The ISO/IEC MPEG-2 Advanced Audio Coding (AAC) [1] technology delivers
CD-like or better multichannel audio quality at rates around 64
kbps/channel. It has a flexible bitstream syntax that supports from 1
to 48 audio channels, up to 16 subwoofer channels and up to 16
embedded data channels.  AAC supports a wide range of sampling
frequencies (from 16 kHz to 96 kHz) and an extremely wide range of
bitrates. AAC can support applications ranging from professional or
home theater sound systems to Internet music broadcast systems.

The benefits of using RTP for MPEG-2 AAC data stream transport include:

    i. Provide increased packet loss resilience based on application
    layer framing.

    ii. Ability to synchronize MPEG-2 AAC streams with other RTP payloads

    iii. Monitoring MPEG-2 AAC delivery performance through RTCP

    iv. Combining MPEG-2 AAC and other real-time data streams received
    from multiple end-systems into a set of consolidated streams
    through RTP mixers  

    v. Converting data types, etc. through the use of RTP translators.

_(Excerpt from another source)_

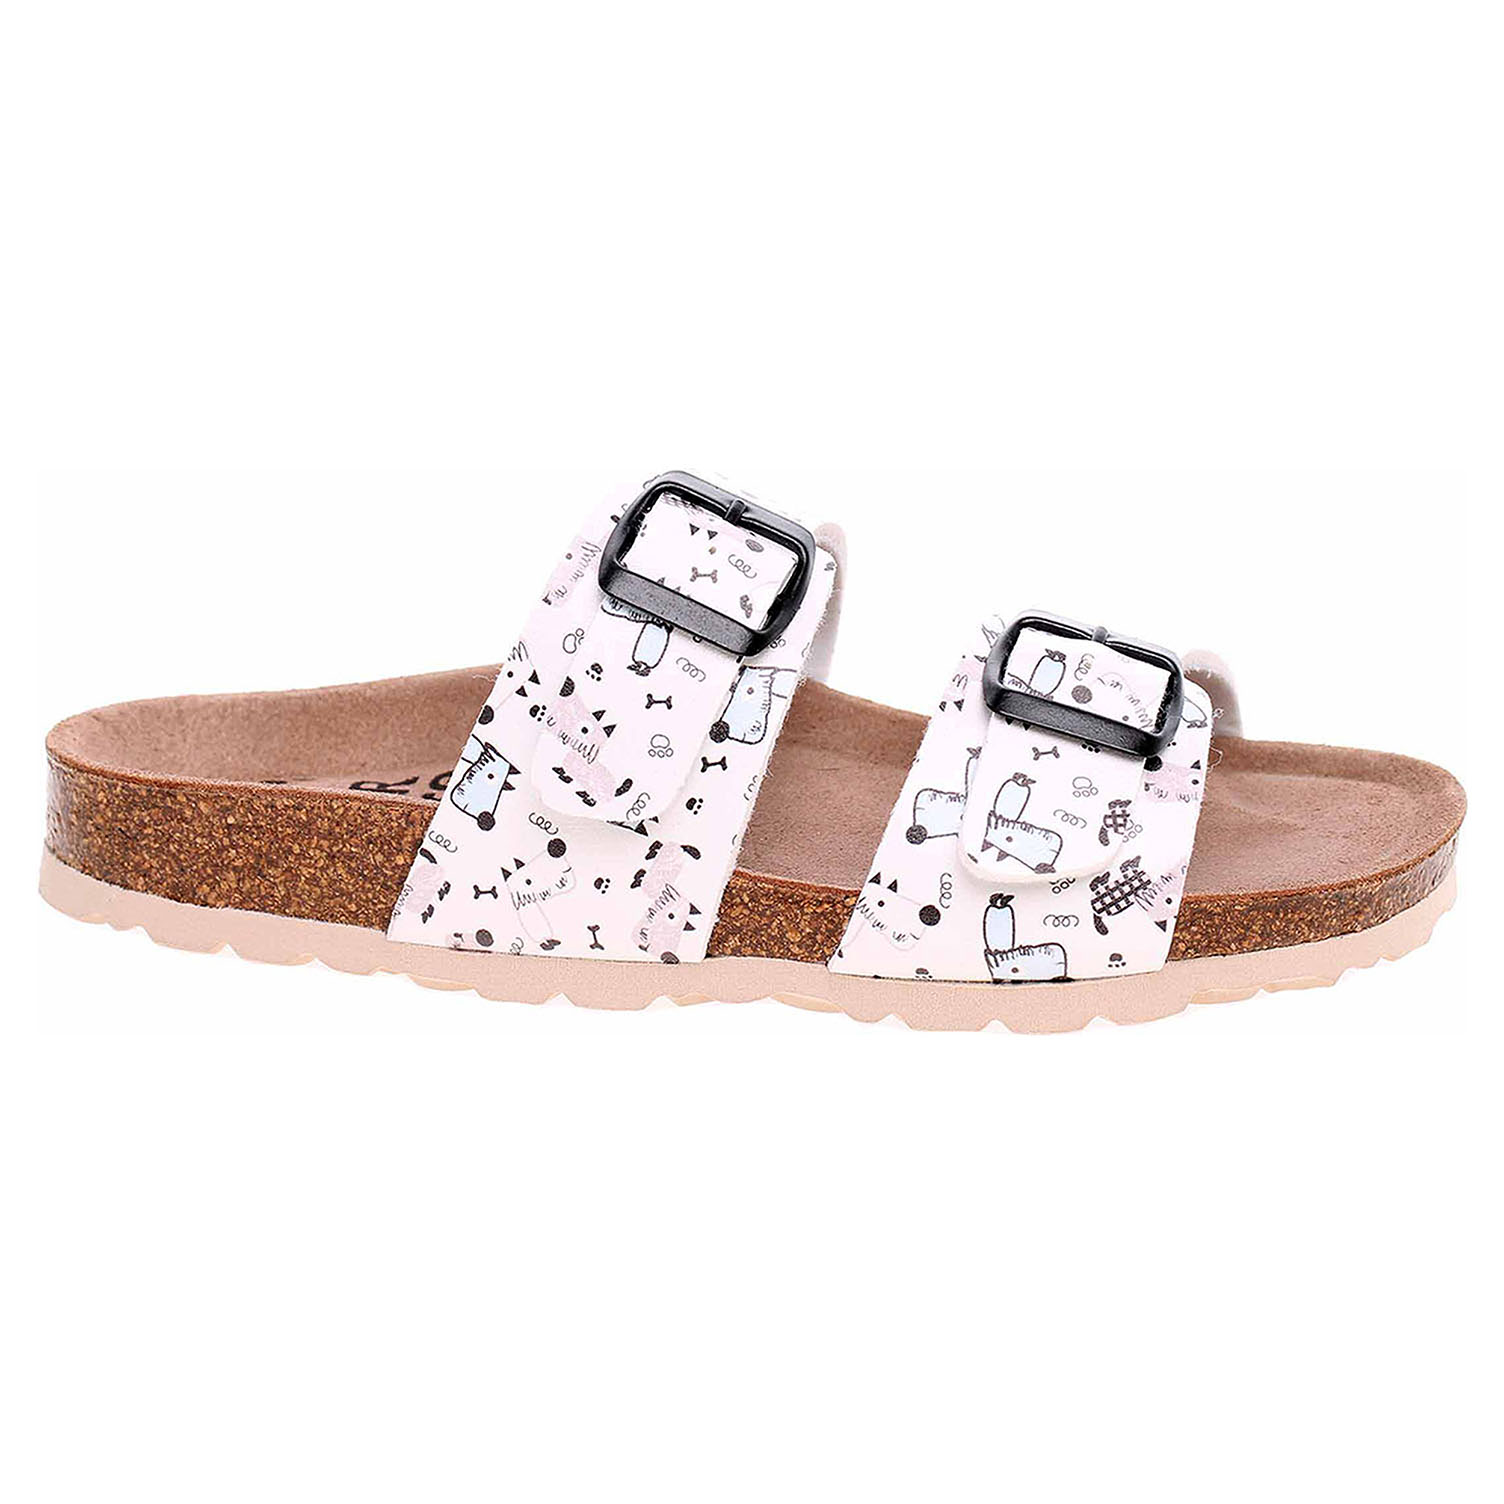 Dámské pantofle Forcare 203015 bílá-multi 203015 bílá/multi 39

The key words "MUST", "MUST NOT", "REQUIRED", "SHALL", "SHALL NOT",
"SHOULD", "SHOULD NOT", "RECOMMENDED", "MAY", and "OPTIONAL" in this
document are to be interpreted as described in RFC 2119 [3].

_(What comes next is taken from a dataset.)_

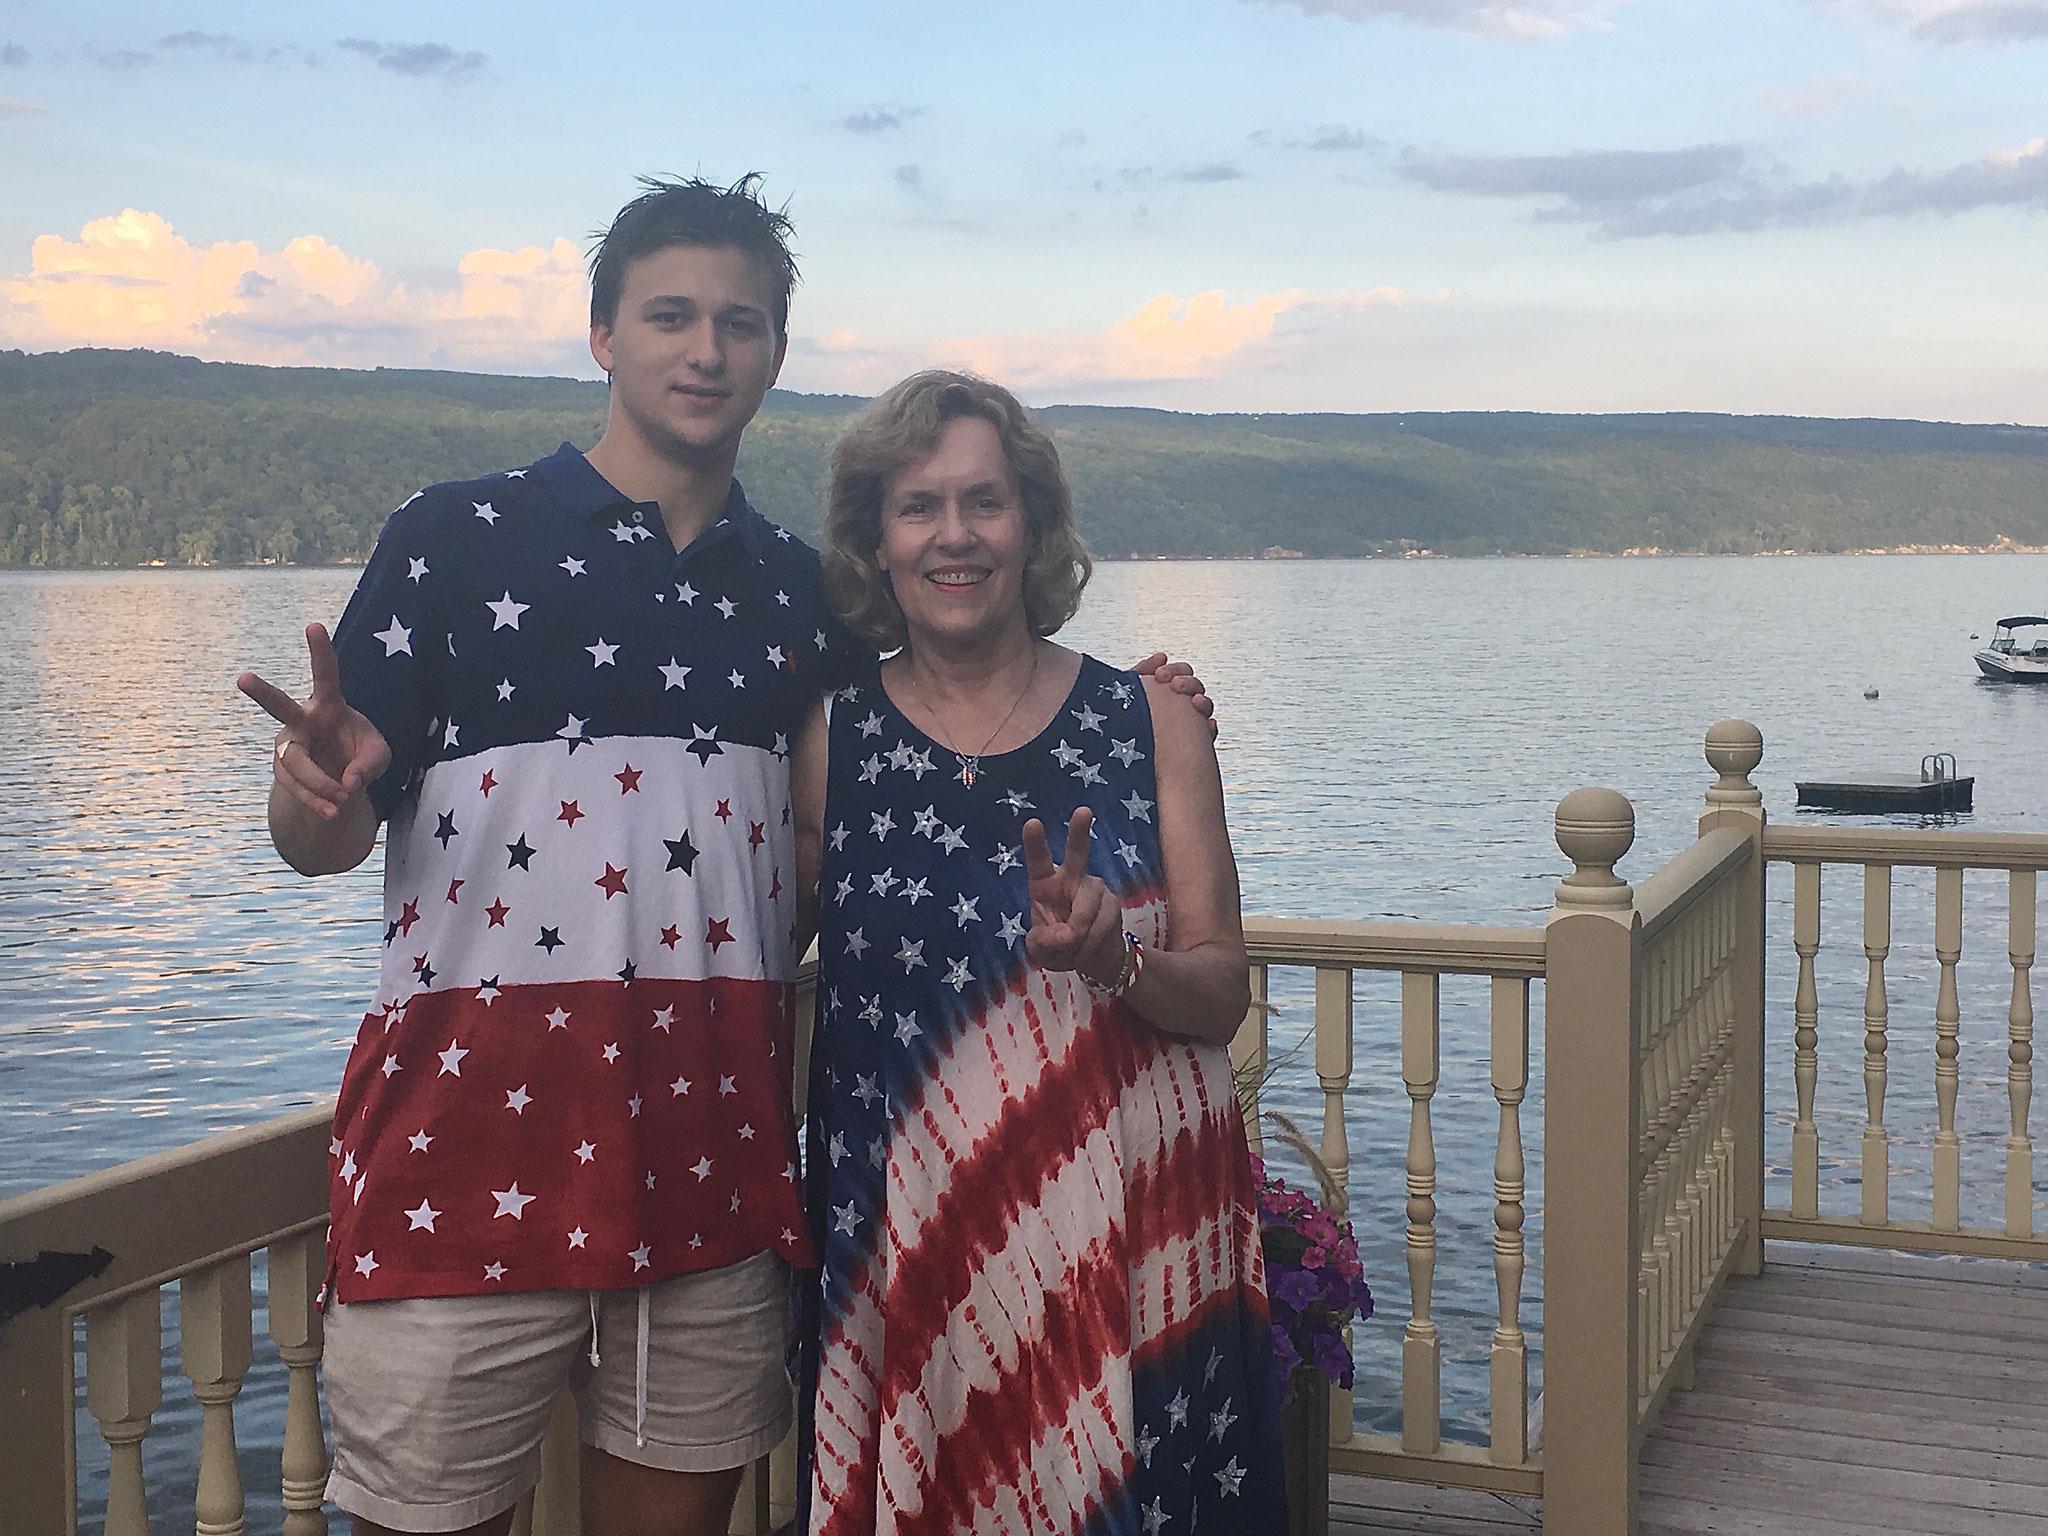 Jack & Lorraine, July 4th, 2019

1.1 Overview of MPEG-2 AAC

AAC combines the coding efficiencies of a high resolution filter bank,
a powerful model of audio perception, backward-adaptive prediction,
joint channel coding, and Huffman coding to achieve high-quality
signal compression.  In 1998 the MPEG Audio subgroup tested the family
of MPEG audio coders (see http://www.tnt.uni-hannover.de/project/mpeg/
audio /public/w2006.pdf). The test results indicate that for a stereo
signal, AAC at 96 kBit/s has audio quality comparable to MPEG-2 Layer 3
("mp3") at 128 kBit/s.

AAC is a block oriented, variable rate coding algorithm.  An AAC
encoder takes 1024 samples per channel at a time (a 'block') as input
and the compressed representation is variable in size.

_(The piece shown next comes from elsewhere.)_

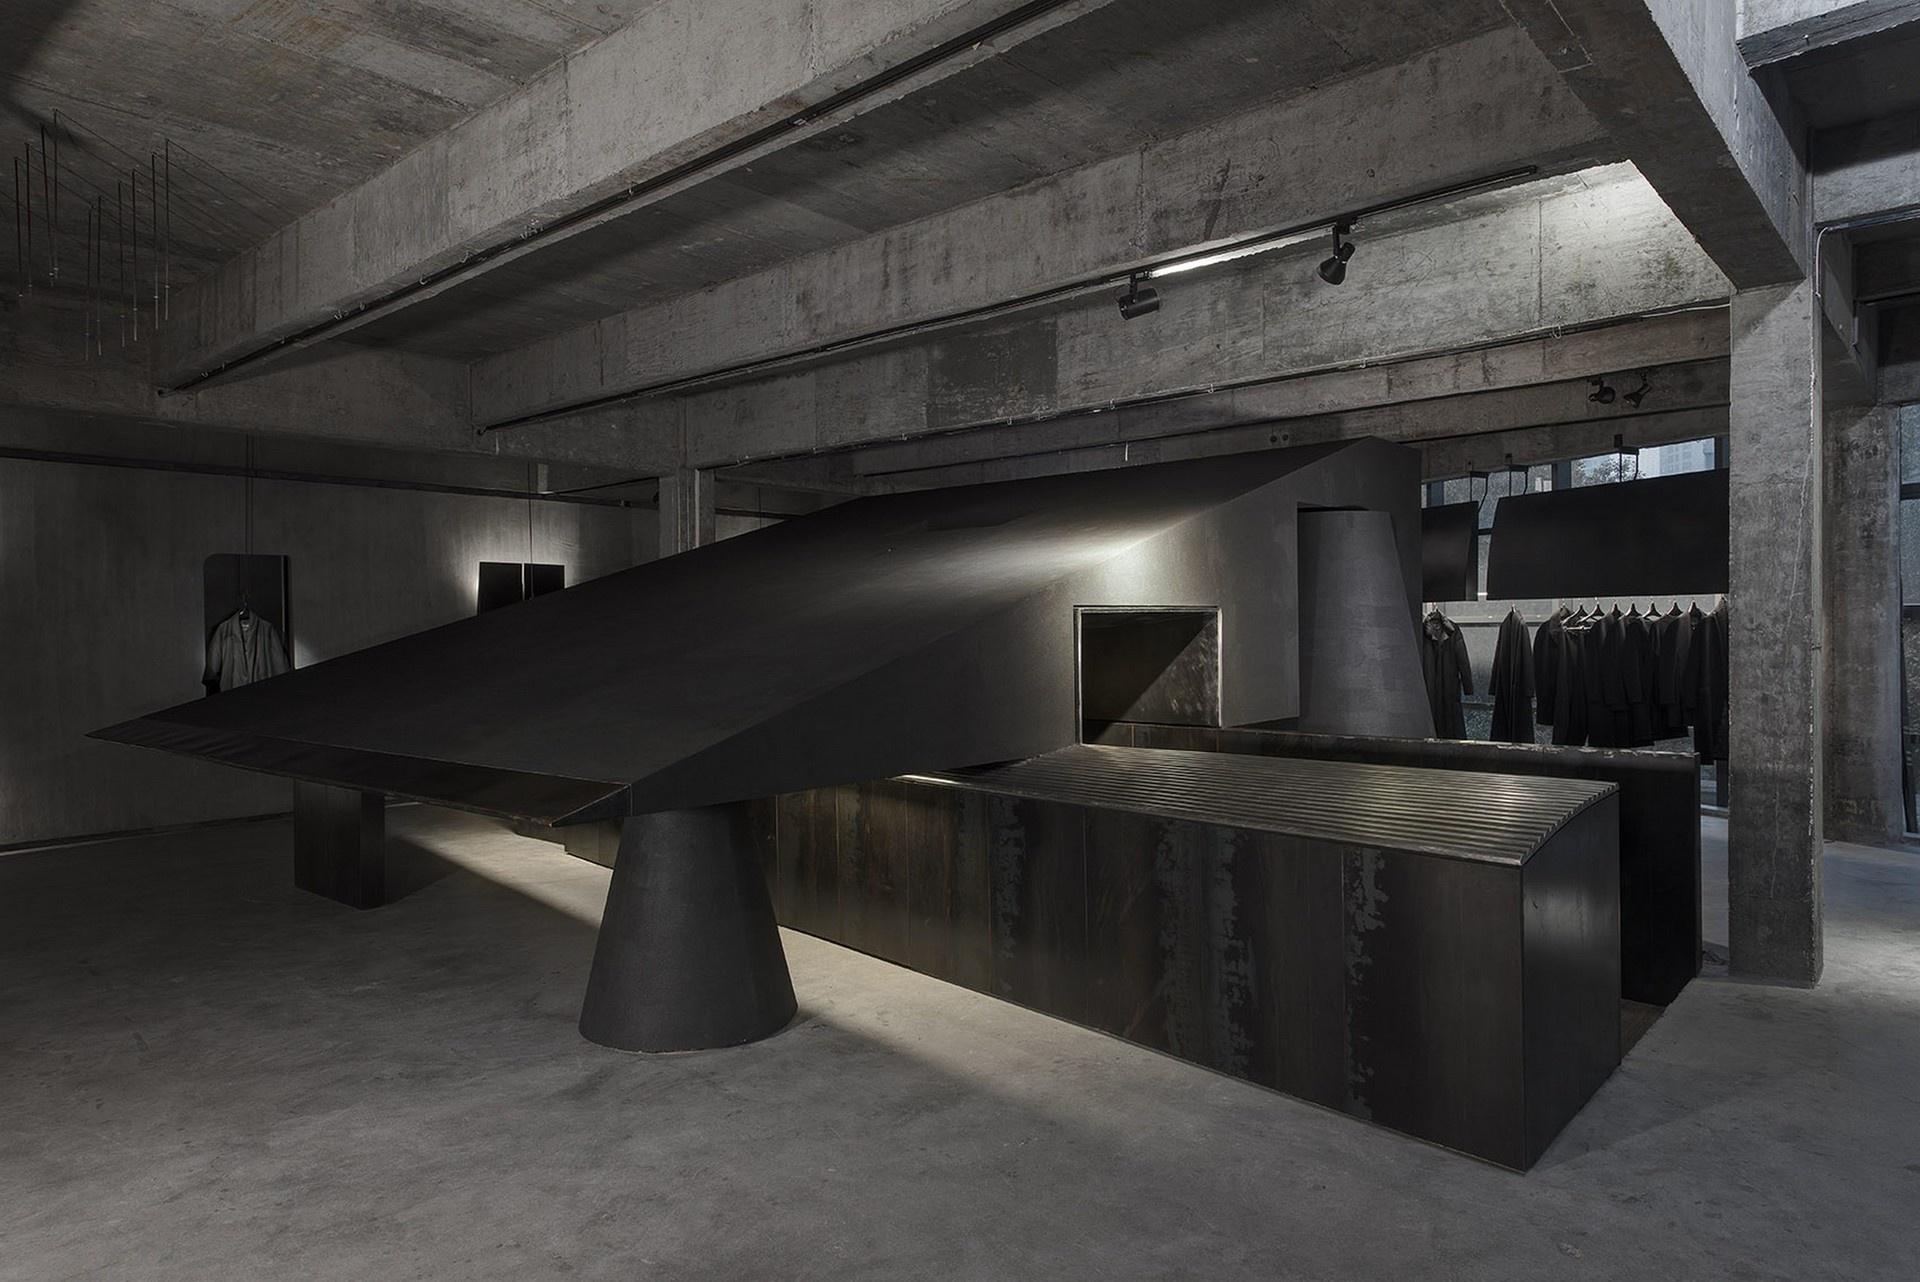 black_cant__hangzhou_an_interior_design4

Rate control can be used at the encoder to generate a constant-rate
bitstream. Each block of AAC compressed bits is called a "raw data
block", and can be decoded "stand-alone", that is, without information
from prior raw data blocks. This feature is particularly useful for
the delivery of AAC over lossy packet networks since the loss of a
packet does not directly affect the decodability of the adjacent
packets.


Kretschmer/Basso/Civanlar/Quackenbush/Snyder                    [Page 2]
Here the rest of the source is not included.